BOOBS… well as a larger busted lady I have found it very difficult adjusting my wardrobe to suit. From what I gather, low cut tops are a bit controversial as many Korean girls don’t have so much going for them in that department and therefore you don’t see much cleavage. However you will notice that is it perfectly acceptable to wear shorts that I would barely class as underwear, this being because Korean girls are renowned for their great legs! I see it as westerners have great boobs and Koreans have great legs and therefore they show of what they have! Just be warned if you’re going out with your boobs out, be prepared for a lot of both wanted and probably unwanted attention.

SPITTING and couging up phegm… eww I know but its perfectly normal here! I don’t really know how to explain that one, but yeah just don’t be surprised.

SMOKING indoors.. Many restaurants will allow smoking although some might have smoking areas designated, but all clubs allow smoking, so if you are very asthmatic then just be careful if you go out clubbing, sometimes it gets unbearable.

MOTORBIKES… Firstly helmets are not such a big thing over here which is surprising. Secondly piling boxes, rolls of carpet, bags and people onto the back of a bike is very normal here, I wonder frequently how they don’t topple over.
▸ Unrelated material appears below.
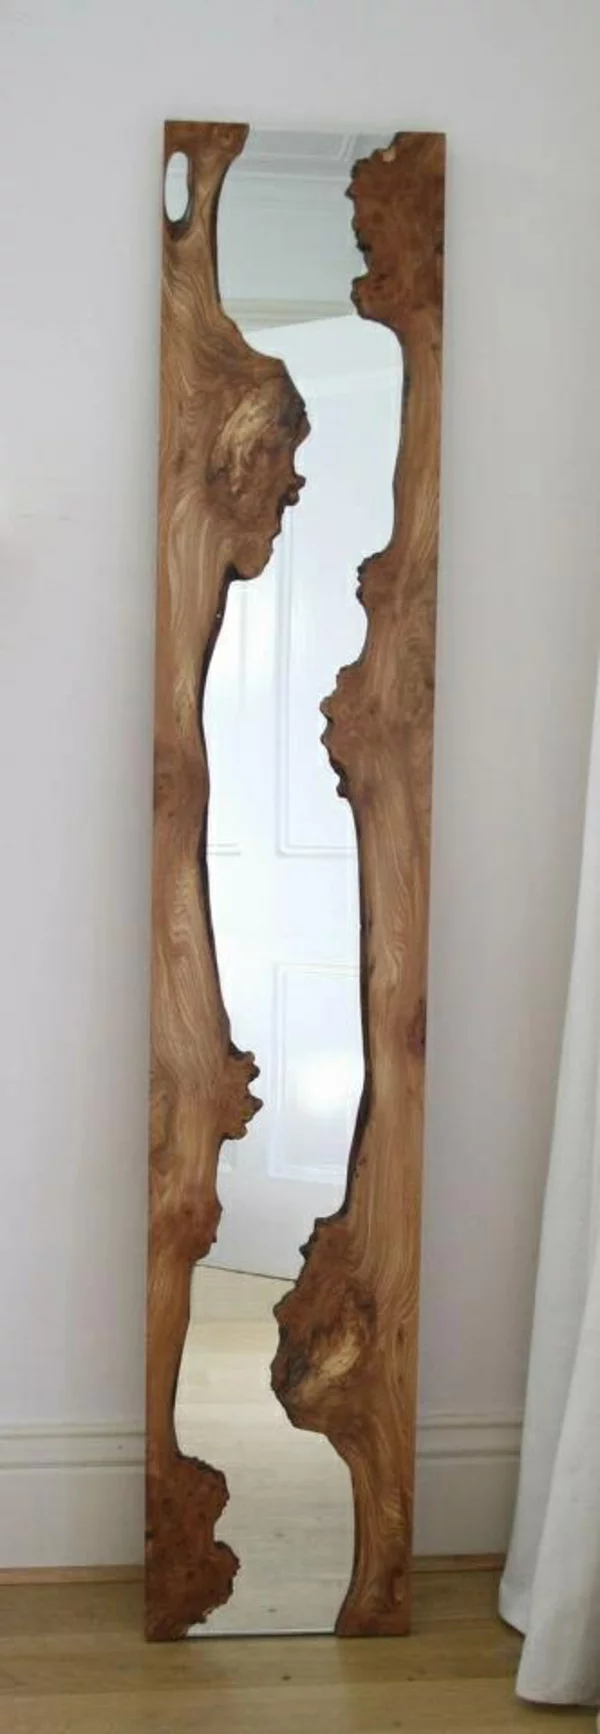 Wandgestaltung im Flur Spiegel mit Holzrahmen interessante Idee für rustikale Wanddeko aus Holz

STRAIGHT? Girls holding hands, it doesn’t mean that they are gay girls here are just more friendly. It’s only like being back in school holding your best friends hand. Even the men are a lot more touchy feely here with each other so if you are a man that can be particularly sensitive about that type of thing, don’t get offended it’s just the culture here. I happen to find it very refreshing :)

“EXCUSE ME…” Common courtesy in public… if you bump into someone in the street you might expect a “sorry” or “excuse me”, but you won’t get it here. This is one of the things I have found quite hard to get to grips with as in England people would be considered rude is such cases, but here its not such a big deal, neither is holding a door open once you’ve gone through it for the next person.  It’s quite funny really, when you do do it or even open the door open for someone to go through before you they seem very surprised and overly grateful.
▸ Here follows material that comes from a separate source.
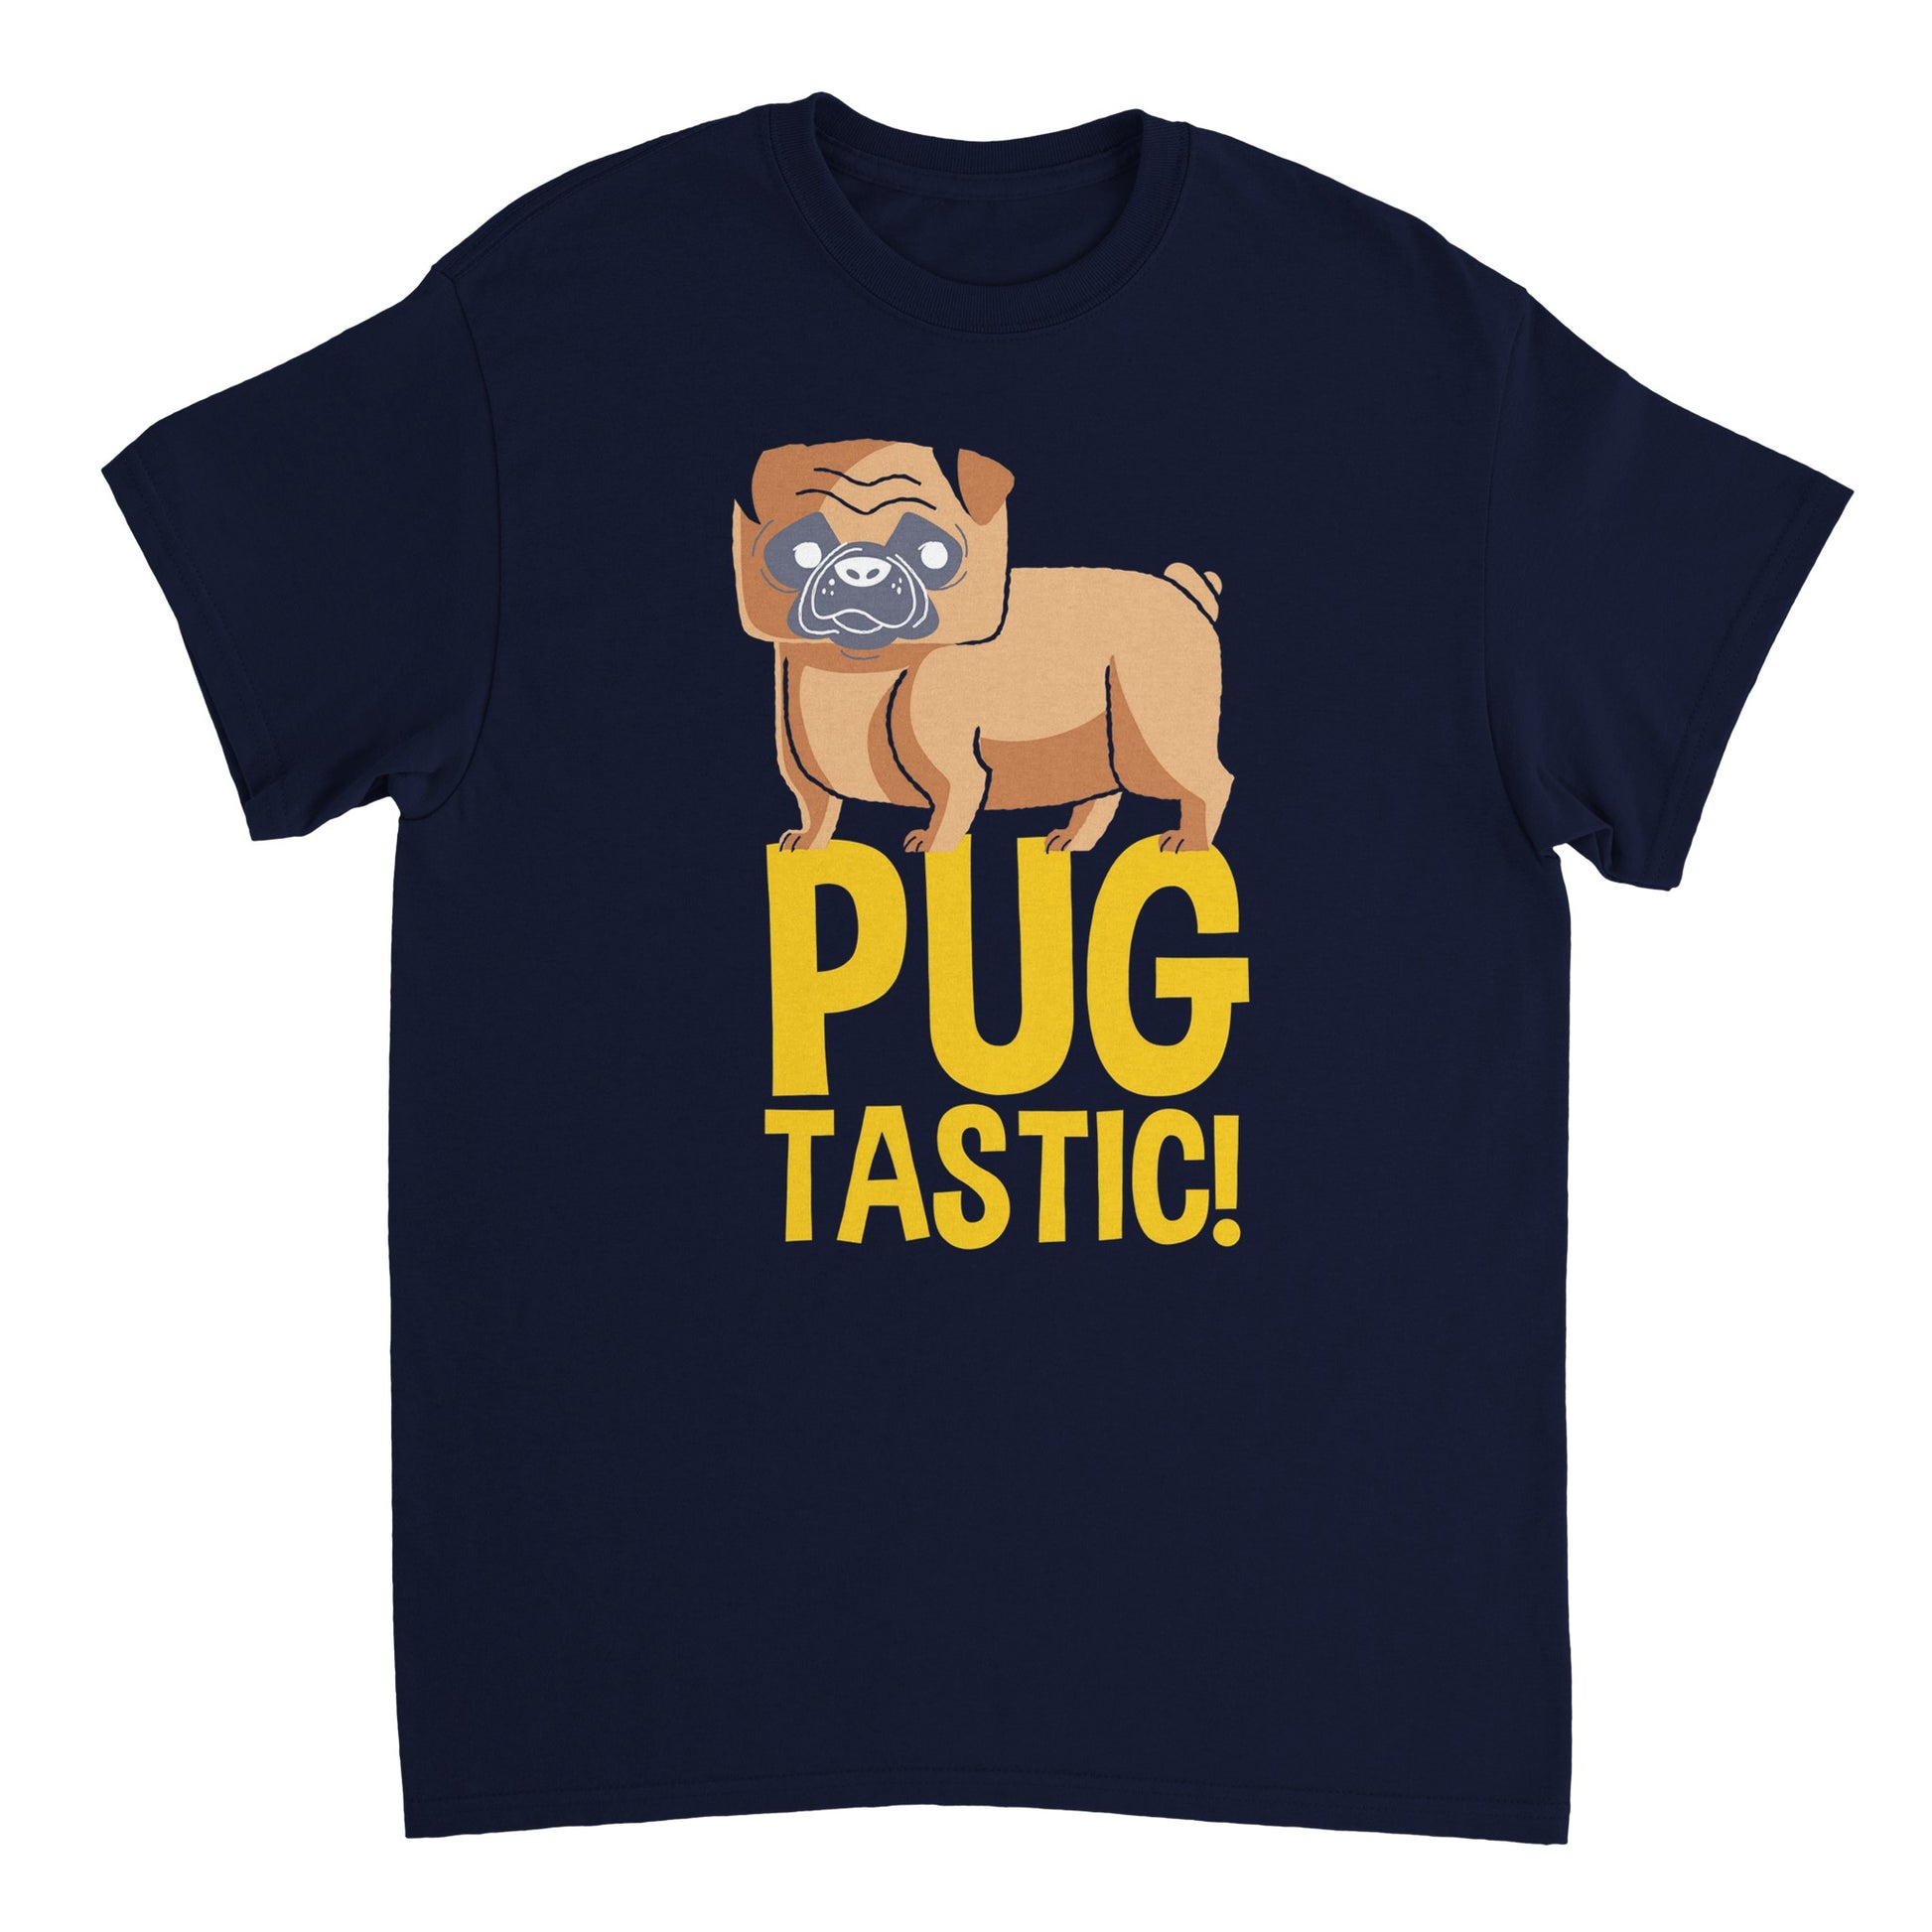 Pugtastic! T-shirt - Mister Snarky's

NO TIP… great for us, tips wont be expected in restaurants and if you do expect a distressed waiter or waitress running after you with your change!

TWO HANDS.. try to accept drinks, money, anything really with both hands as it is considered polite.
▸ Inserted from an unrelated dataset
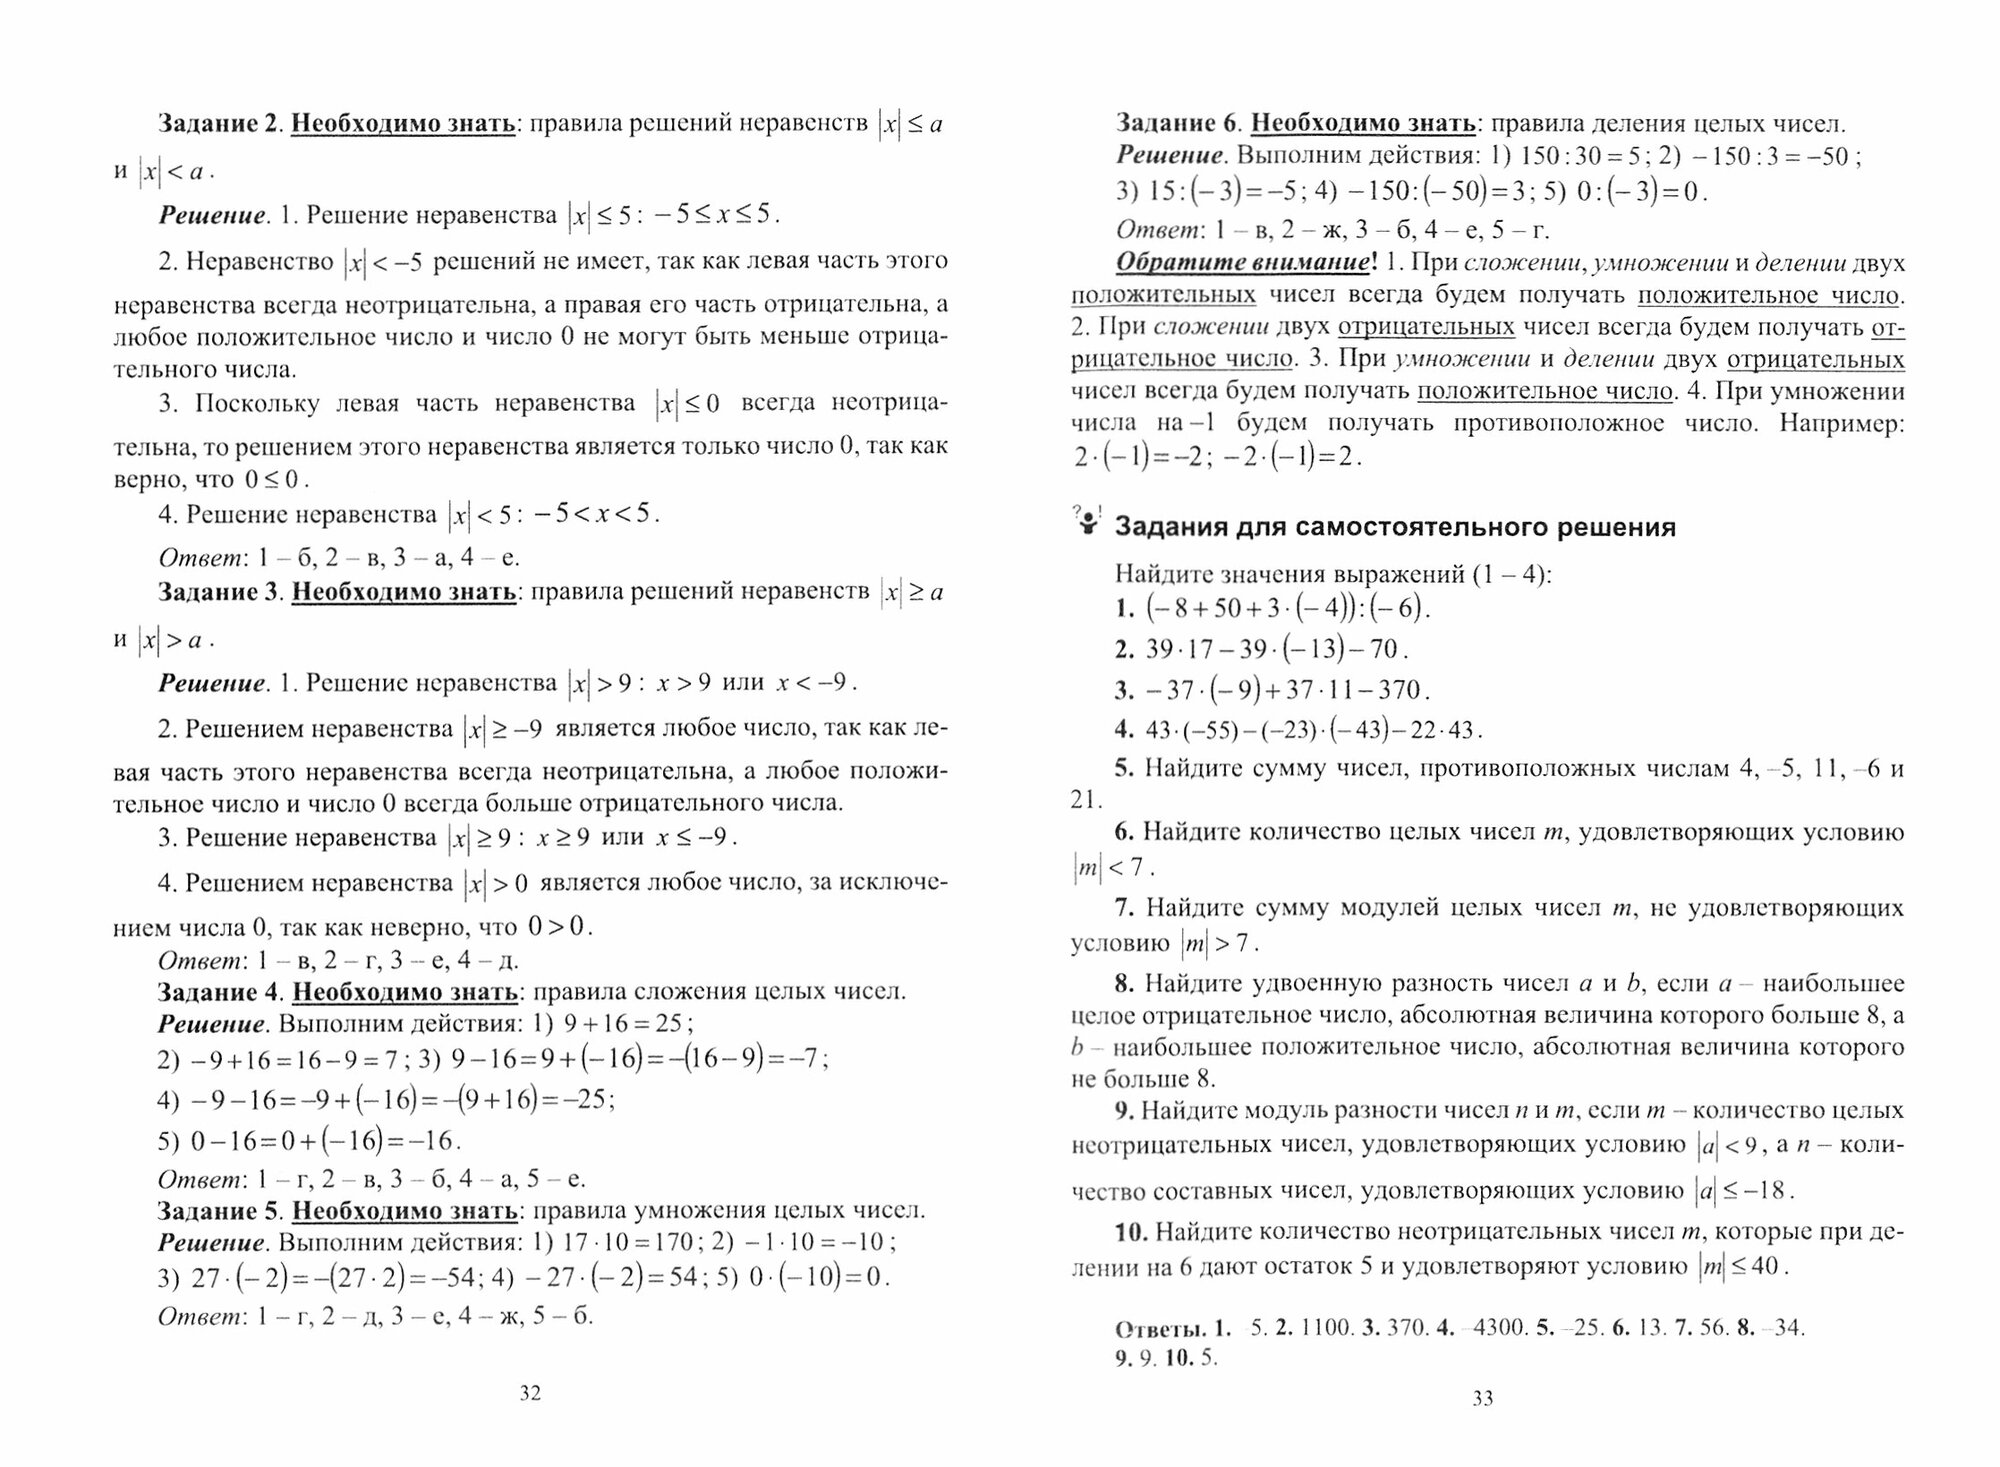 Методика обучения математике. Часть 1. Учебное пособие - фото №8

POURING… pour drinks for other people but not yourself, if drinking with Koreans they will probably take care of pouring. It is considered to mean back luck in love for you and the person sat opposite you to pour your own drink.

SHOES OFF… you will be expected to take you shoes off in all homes and in some cafes and restaurants where there is floor seating.

WARNING: you will be stared at, wherever you go and it isn’t (always) rudeness, but curiosity. This can happen especially if you are tall, blonde, voluptuous… well basically if you are small dark and petite you should be okay, anything else and you might get a few stares. 

Sometimes there is a little prejudice against foreigners, unfortunately this is from previous experiences of foreigners and some Korean seem to group us all together with the drunken violent ones, the drug possessing ones and in many cases from the Army… I’m not going into detail on that one but some peoples attitudes towards army officers are not always positive. Anyway I consider that more of an incentive to show them that we are not all that bad, so if you do get a curious stare or unpleasant look, just smile and give a little bow of the head.

6 thoughts on “Weird and Wonderful: Things to know before coming to Korea

  1. yes, exactly. By the way, i found this place because i was looking for something about Allive Goshitel, which is where i’m am now. You lived here, didn’t you? I’d need to ask you a couple of things then.
    Thank you

  2. So glad you wrote this post. VERY helpful. I will be in Seoul for 6 months starting on June 22, 2012. I’m from the states, and I’m sure I will experience many of the same “surprises” as you have. Would love to email you for more tips if possible. I see you listed it above in the comments.